According to Sterling Heights Library Director Tammy Turgeon, the 2030 Visioning plan was instrumental to several city successes, including new Dodge Park amenities; the new Community Center; and new commissions like the Sustainability Commission, the CommUNITY Alliance, and the African American Coalition.

She said one thing that will carry over from the 2030 Visioning plan to the 2040 plan is the city’s mission statement slogan of “Innovating Living.”

“We kept coming back to our current slogan,” Turgeon explained. “Because a mission is what you are doing in the present. … We’re doing things that other communities want to implement. We’re a step ahead with these new ideas.”

Human Resources and Benefits Manager Kate Baldwin revealed the campaign’s new vision statement: “An inclusive, vibrant community that is safe, active and sustainable.” Then a series of city officials each revealed a plank of the 2040 Visioning guiding principles. Those principles, verbatim, are the following:

• “Public Safety”: Public safety that is equitable, responsive and proactive.

• “Sustainability”: A city that is exceptionally maintained, sustainable and environmentally responsible.

• “Enriched Living”: Educational and recreational opportunities and programming for all ages, abilities and interests.

• “Neighborhoods”: Plentiful and diverse housing and green spaces available for existing and new residents.

• “Connected”: A city engaged with residents and businesses through innovative channels and technology.

• “Business Innovation”: A destination for entrepreneurs, and high-tech and emerging industries.

• “Distinctive Areas”: Vibrant and attractive areas with unique offerings and focal points.

• “Mobility”: An accessible city that is connected with a robust system of pathways and trails.

While commenting on the principles, City Planner II Alexis Richards was happy that sustainability was officially and specifically included this time as a major plank in the 2040 plan. And Assistant City Planner Shawn Keenan pointed to the Lakeside redevelopment plans as evidence that the city’s vision isn’t stagnant.

“In the near future, I am sure to see bulldozers and cranes on-site, followed by the rise of new commercial, residential and mixed-use buildings with places to gather, places that are walkable and bikeable and connect to the rest of the city,” Keenan said.

“This area will be the pinnacle of the city’s vibrancy once again, attracting people from all over the region to live, work, shop and gather.”

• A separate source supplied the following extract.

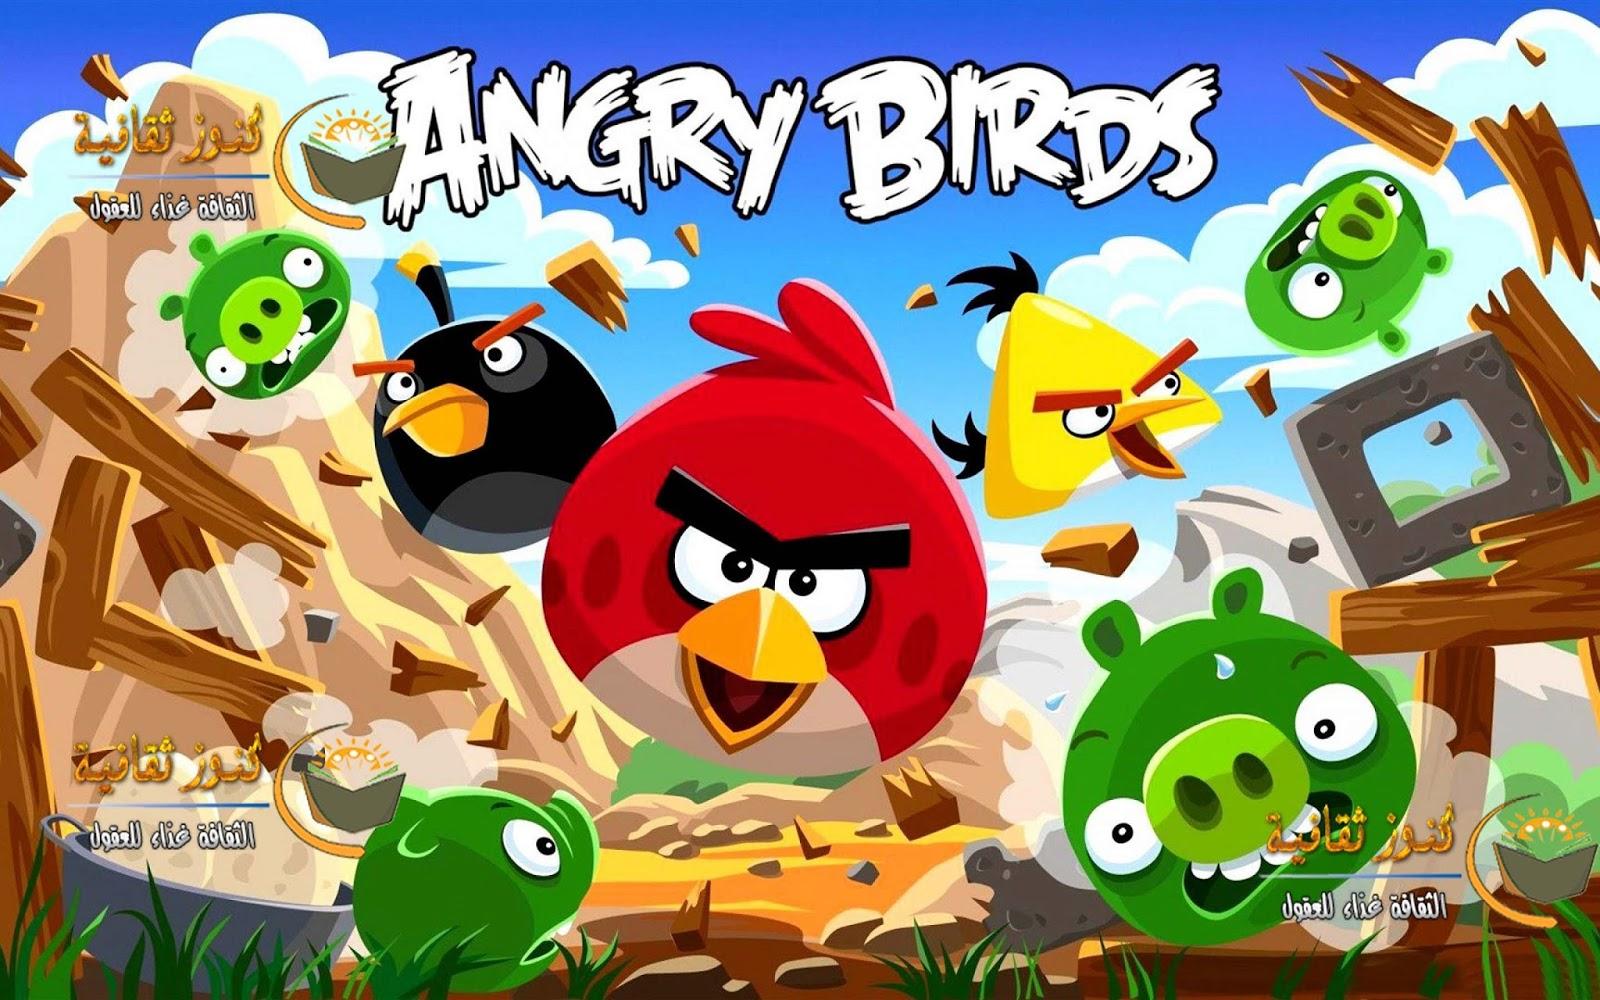 تحميل لعبة الطيور الغاضبة للكمبيوتر Angry Birds

Lastly, city officials presented the 2040 Visioning campaign’s core values, which Vanderpool described as “the heart of everything we’re doing.” Those values are integrity, excellence, proactive, responsive, welcoming, collaborative and “fun!” — the last one including an exclamation point.

When City Council members commented on the 2040 Visioning presentation, Councilwoman Barbara Ziarko said the core values serve as a good guide not just for the community as a whole, but also for individual daily living.

“And if we all followed those core values, we’re just going to be a better city all the way around,” Ziarko said.